Now, in the directory of the executable you’ve just compiled, type GDB executableName.exe. You can also This will run the debugger in the command line, with the executable loaded and ready for running. Before running the executable, set some break points by using the keyword break, followed by either a number, or a function name from inside the source used to compile your executable (or in case there are multiple files used break filename.*:number or method).

 If you use the number, the number used will represent a line in the source file used. It isn’t necessary to have access to the source, because everything is included in the executable, or the object file. For our example executable, please use break 27 and break wordCounter, which will set two break points at the line specified, and at line 43, the beginning of the wordCOunter method.

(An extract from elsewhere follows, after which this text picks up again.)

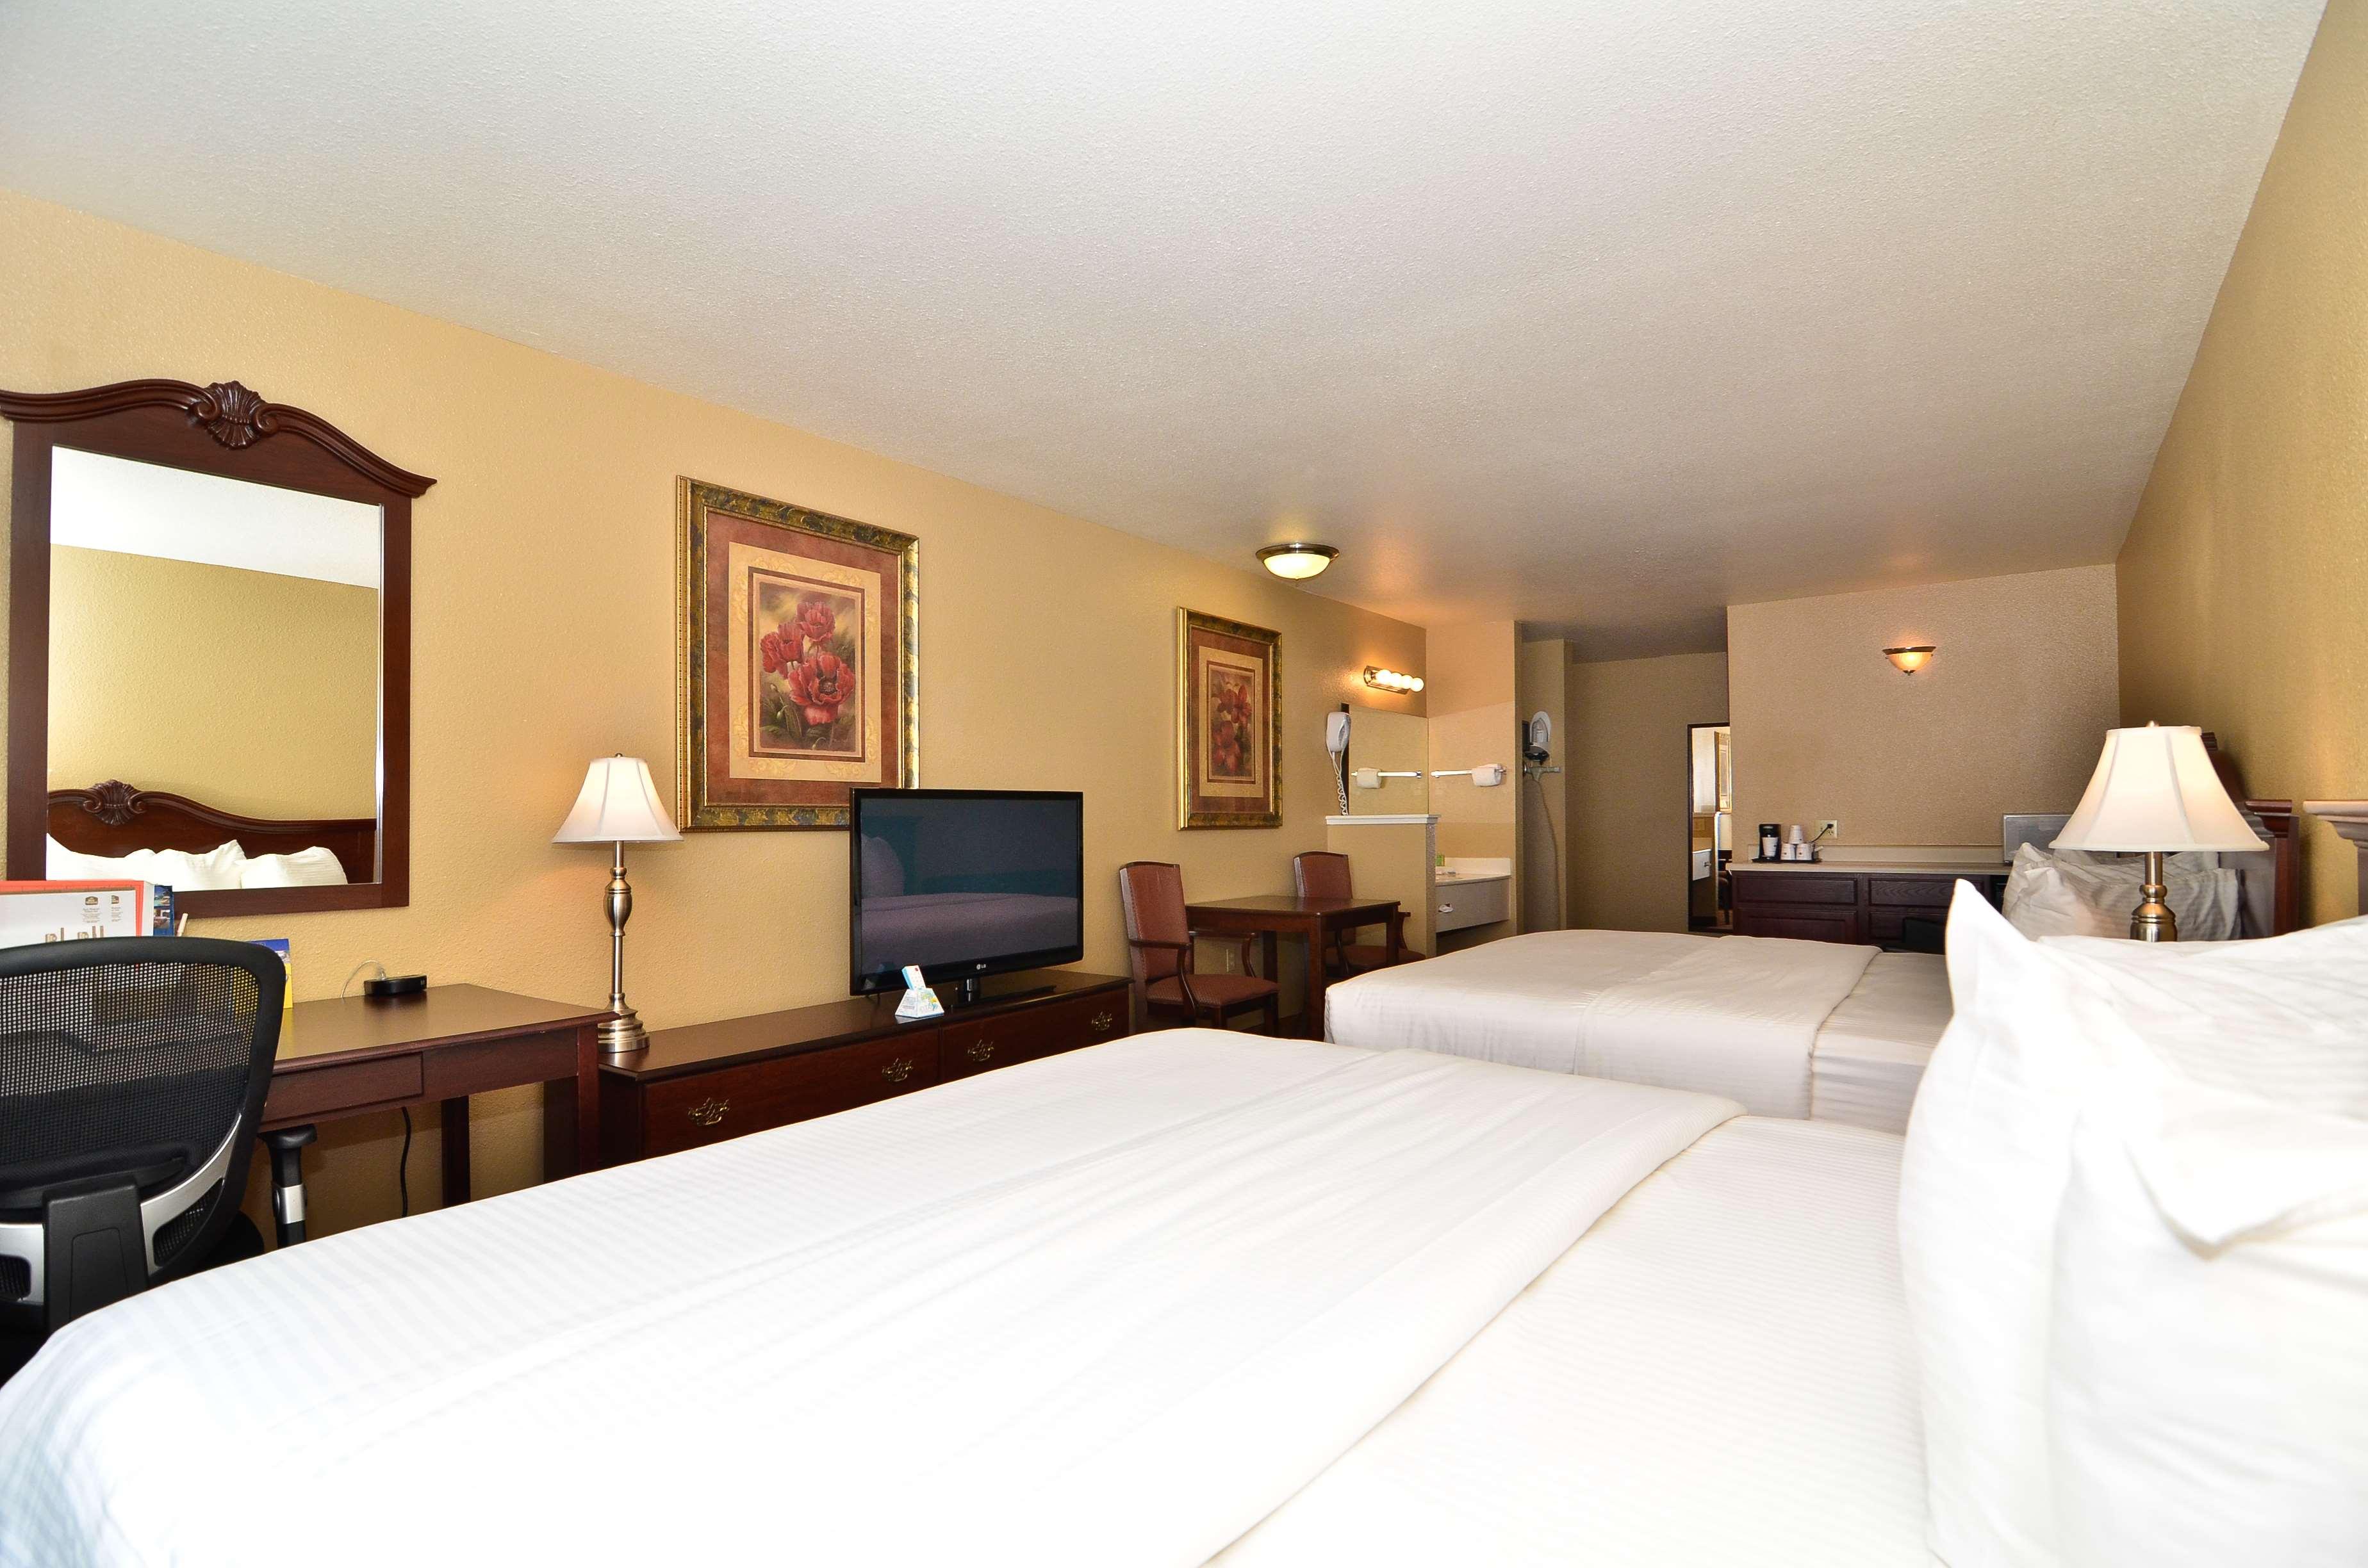 Best Western Fallon Inn & Suites image 18
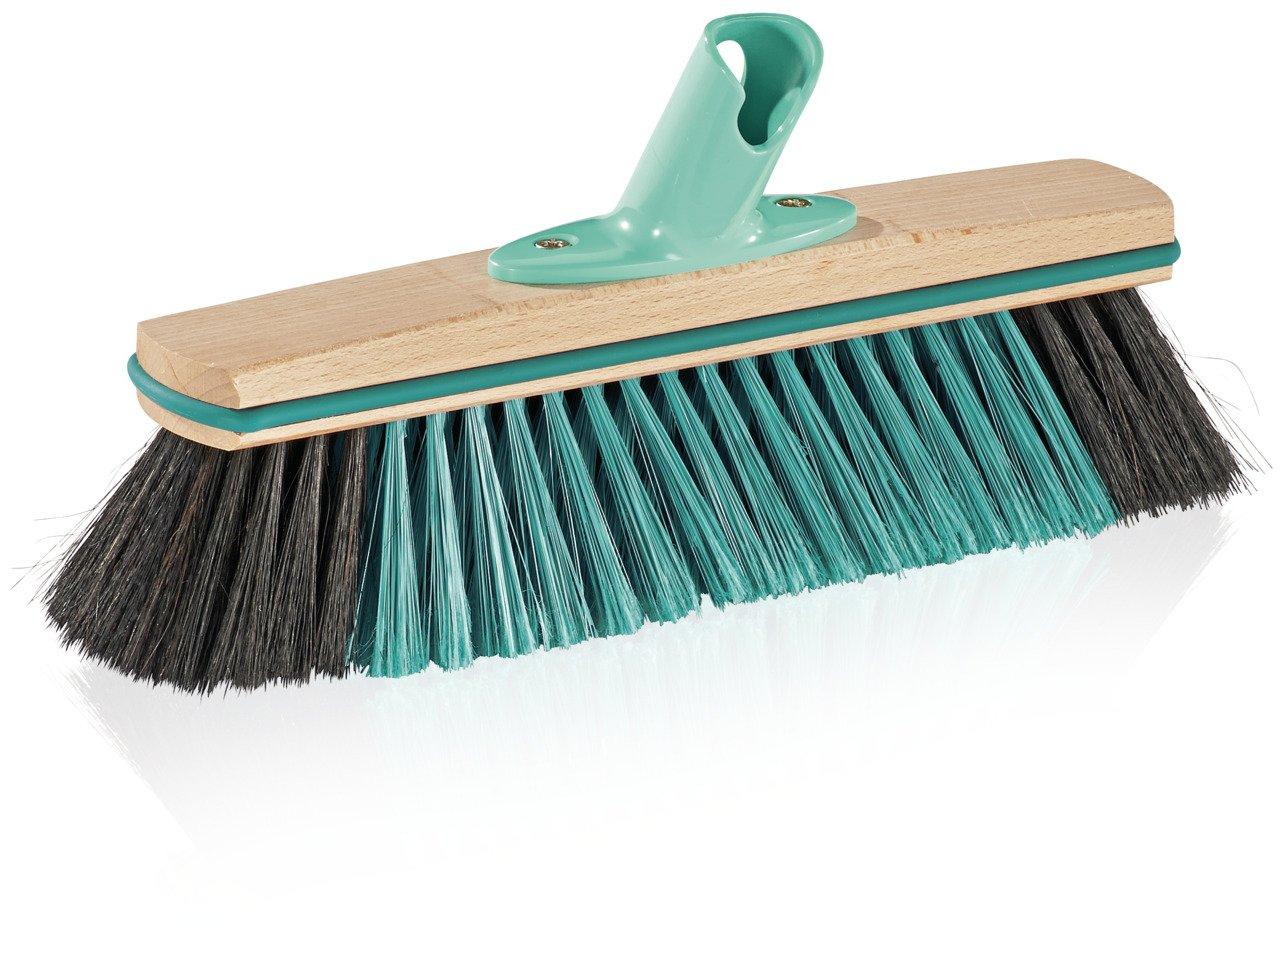 Leifheit Hard Floor Broom Xtra Clean Eco Plus 30 cm, Floor Broom, House Broom, Dustpan Brush, Wood / Mint Green, 45002 by Leifheit (Image #1)

Also, before running the program, type display argc. This will display the value of the command line argument argc, which gives the number of arguments being passed to the program. This value will be displayed every time the program stops execution at a break point.

Now, to run the executable with an argument, type run “Command Line Argument” which will run the executable with “Command Line Argument” as a parameter.

Execution stops first in the wordCounter method; when it does, it will display the argc variable, and the value it holds (it should be 2). It should also display the current line the debugger has stopped at, along with display the source line. To see the next line of code, type step. This will move the program and debugger to the next line of code, redisplay argc along with the line of code at the next line of the source. Type step again to get to the next line, this will initialize the wordCount variable to one, like in the source. Type print wordCount to confirm the integer has been initialized. When your finished, type bt or backtrace to see the path of execution for methods used in this program. This command will display the methods used up to the current position of the program the debugger is in. When your finished with this method, type continue to finish the method and continue back to main, to the next break point, at line 27.

Use this point to practice the command I’ve shown you; use the source file as a reference, and try to use break with a file name to practice it’s use with multiple file when the time comes. Also, try using the debugger with other executables, like the other executables in previous tutorials. Using the debugger is extremely useful for programmers, and learning this will help you figure out how a program ticks, and where problems are at to fix. And getting comfortable with GDB is a lot quicker that going in-between many different debuggers like in Visual Studio, or other IED-based debuggers.